Introduction

Most people interact with LLMs through a chat interface. You type, hit send, and get a response. But what's actually happening under the hood? This post walks through the complete lifecycle of a single inference request: from tokenization, through GPU, to token prediction, and response.

The Big Picture

Client Side

Your user types a prompt and hits send. That text—raw, unstructured, in natural language—travels over the network to the application layer. The client doesn't care about tokens, context windows, or GPU memory. It just sends text and waits for text back. Everything else is the system's problem.

Application Layer

The application layer is where text becomes actionable. First, it tokenizes your raw text—converting it into token IDs (integers) that the model understands. Then it builds the context window by combining your message with system instructions and conversation history. All of this happens before the GPU ever gets involved.

Once the context window is ready, the application layer sends those token IDs to the GPU runtime.

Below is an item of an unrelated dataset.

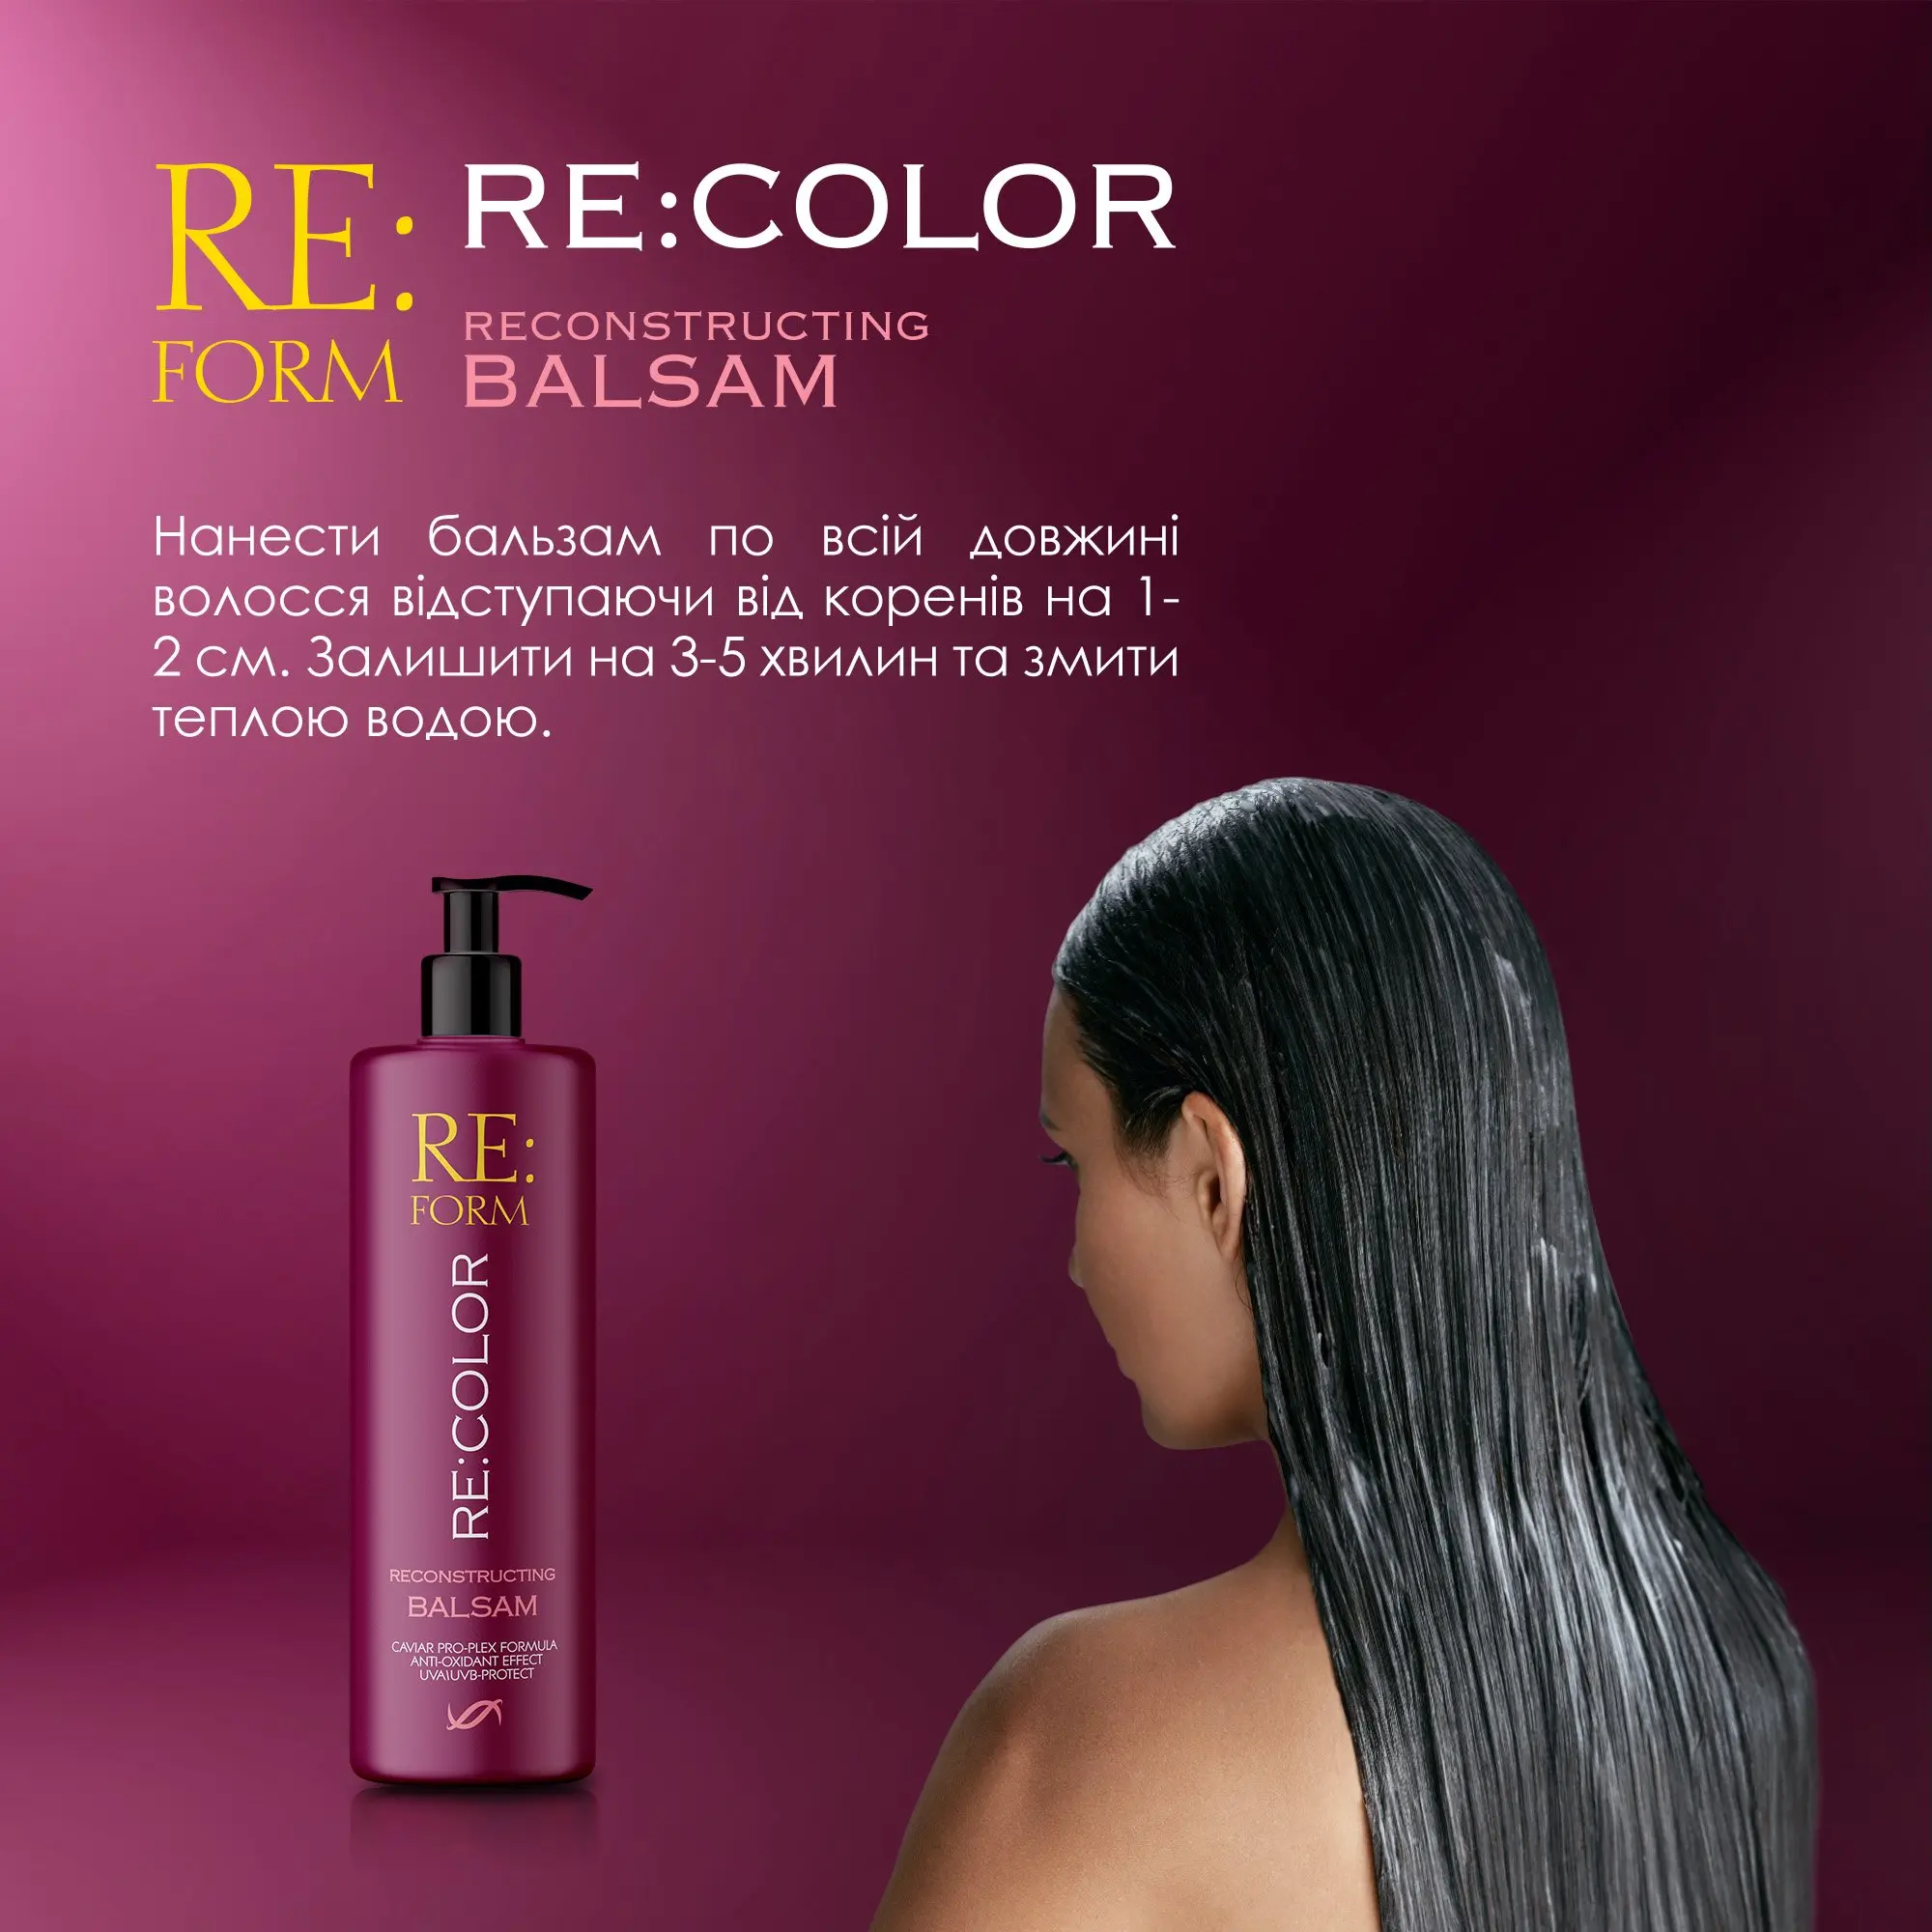 Reconstructing balm, 'RE:COLOR' RE:FORM, 400 ml Фото №11

After inference completes, it does the reverse: converts the output token IDs back to readable text and sends it to the client.

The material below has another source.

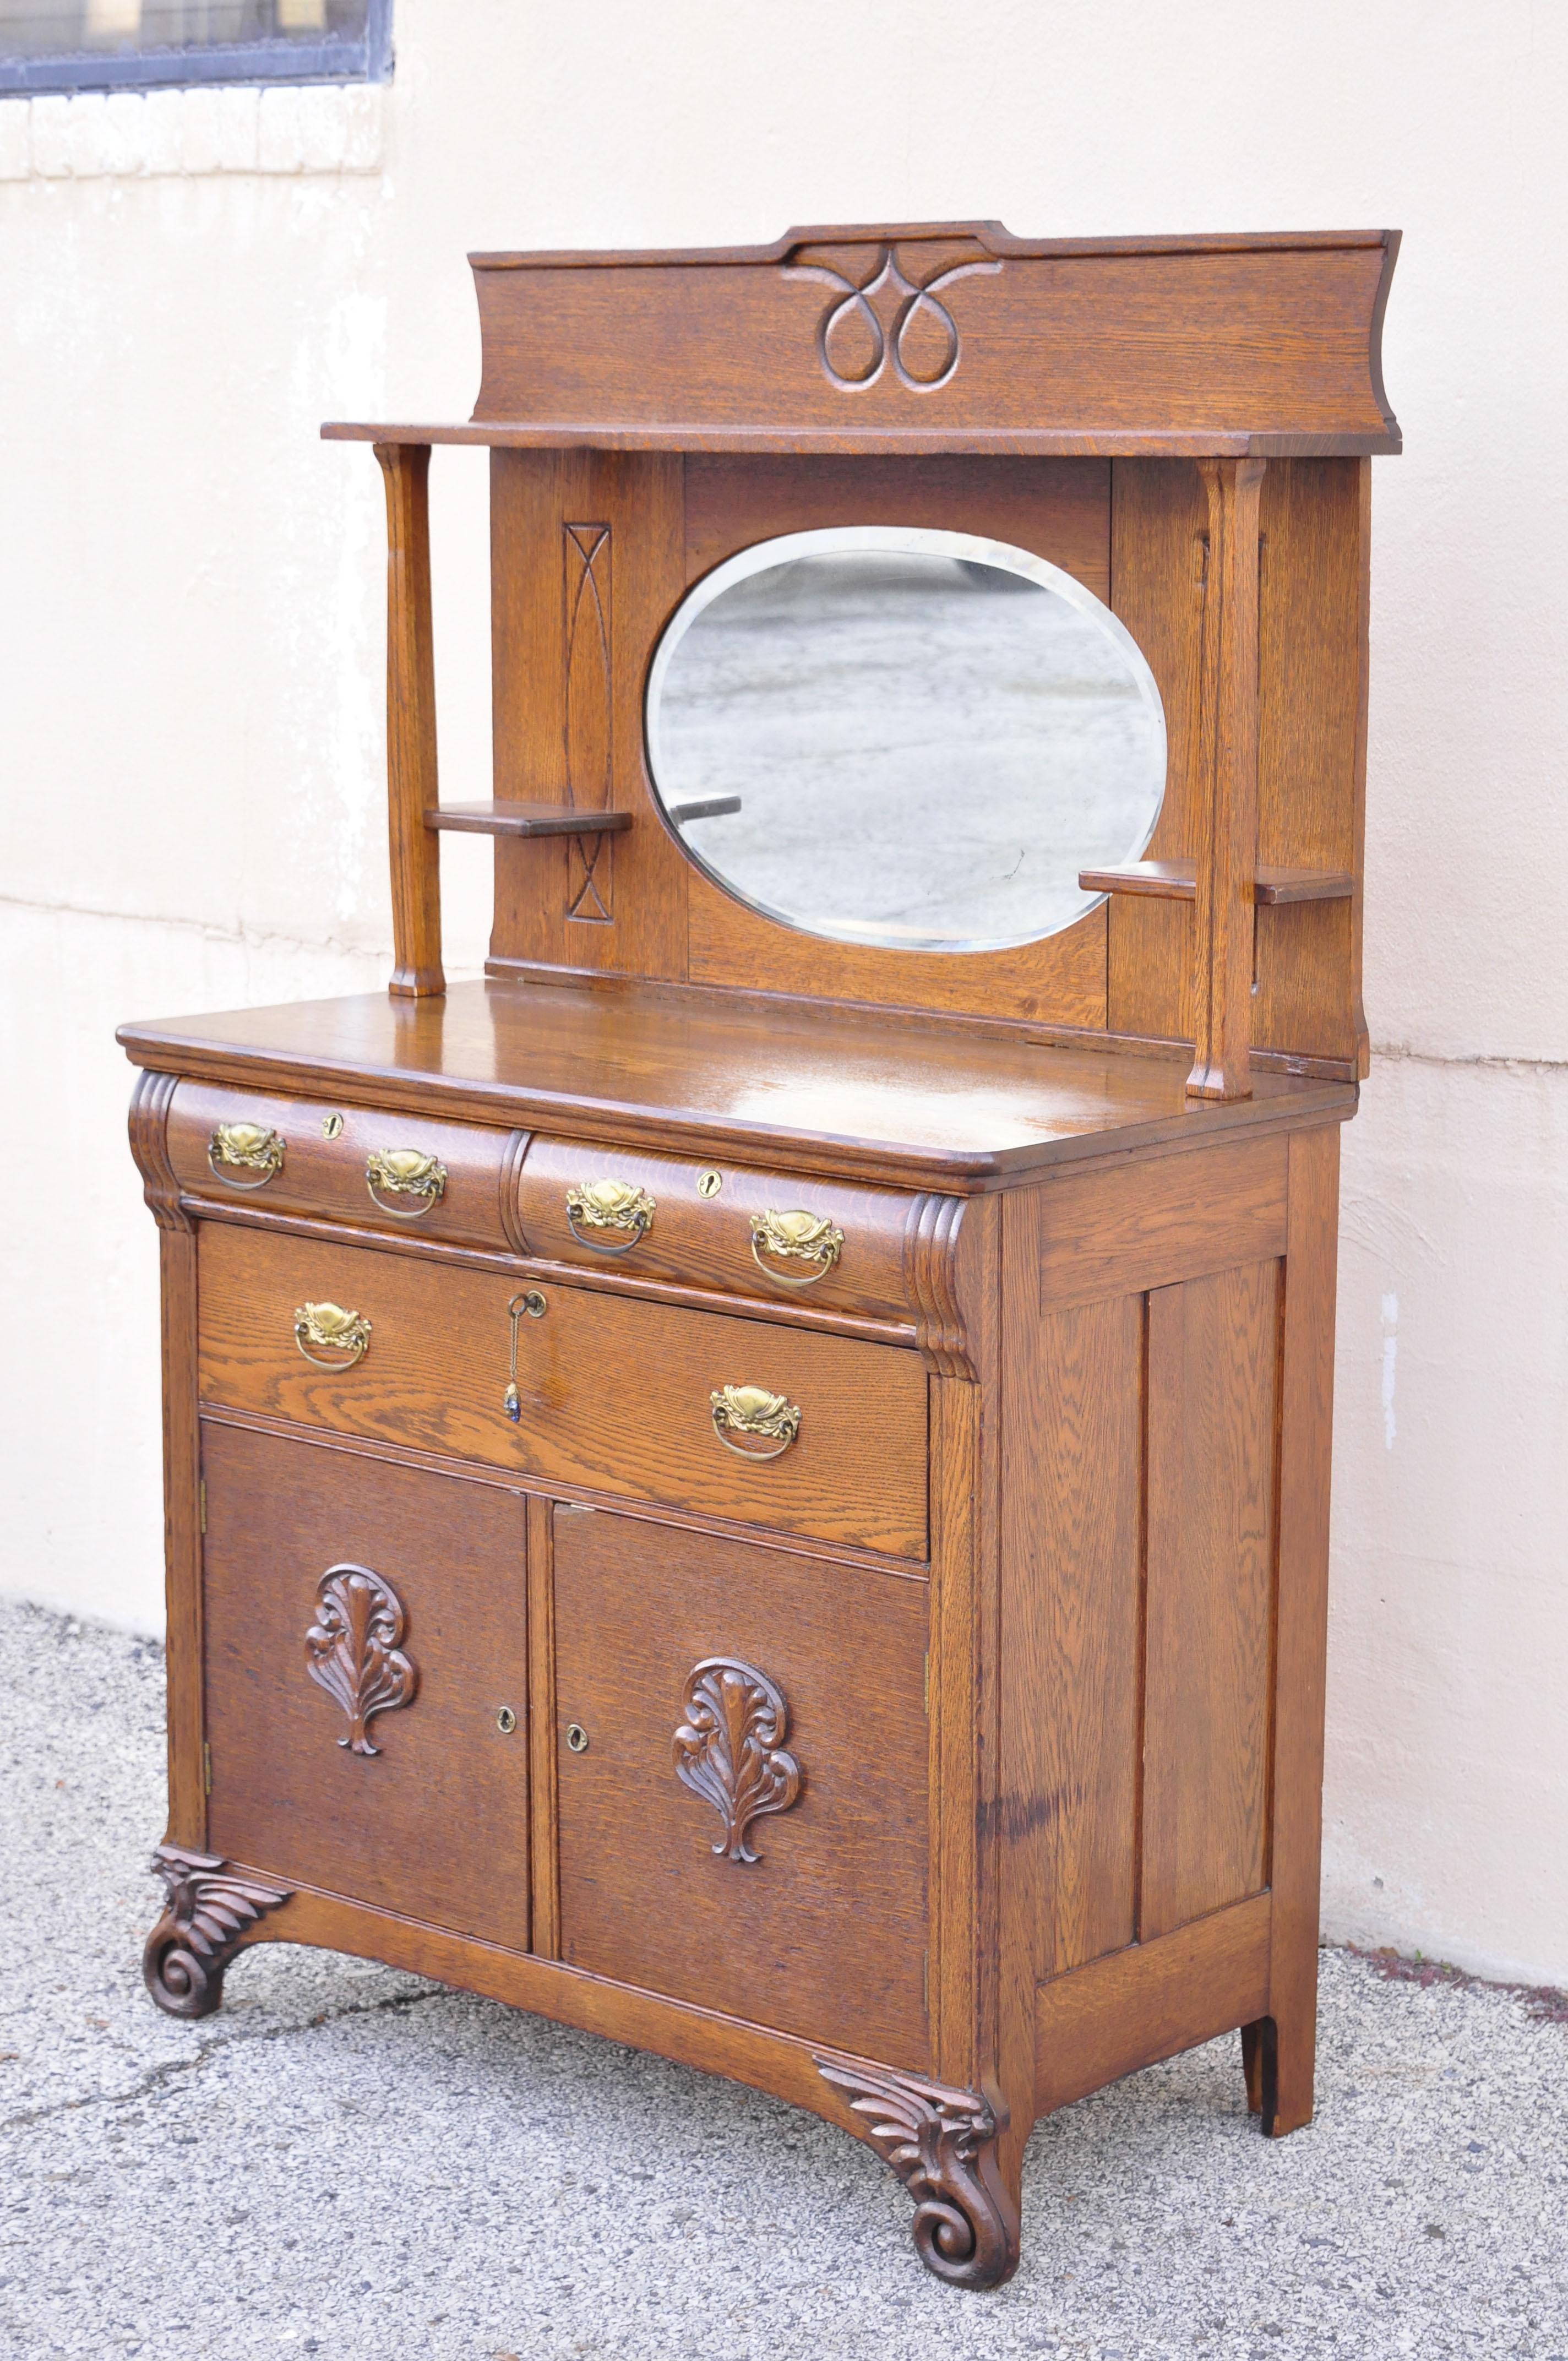 Antique Victorian oak wood sideboard buffett with Mirror Hutch Backsplash Shelf. Item features oval beveled mirror backsplash shelf, carved winged griffin feet, brass hardware, beautiful wood grain, nicely carved details, 3 dovetailed drawers, 2

Think of it as the translator and coordinator—it speaks human on one end, speaks tokens on the other.

GPU inference

Startup: Loading the Model

Before any user request arrives, the deployed LLM system loads model weights from disk into System RAM, then copies them to GPU VRAM. These weights stay loaded for the entire lifetime of the deployment.

Per-Request: Memory Allocation

When your tokenized input arrives, the GPU allocates a separate chunk of VRAM for the context window. Your token IDs are copied here. This memory is temporary—it exists only for this request.

The Inference Loop

GPU compute now reads from two places: your tokens from the context window, and the model weights (both in VRAM). It predicts the next token, writes it back to the context window, then repeats. Each iteration builds on the previous tokens. The loop stops when the model generates a stop token—its signal that the response is complete.

Output & Cleanup

Once inference completes, the GPU has generated tokens sitting in VRAM. The GPU runtime extracts these output tokens and passes them back to the application layer (across the API boundary). The application layer then de-tokenizes them—converting token IDs back to readable text—and sends the response to the client. Finally, the GPU deallocates the context window memory. The model weights remain in VRAM, untouched, waiting for the next request.

Context Window

Your context window size isn't determined by a single factor—it's a race between two hard limits.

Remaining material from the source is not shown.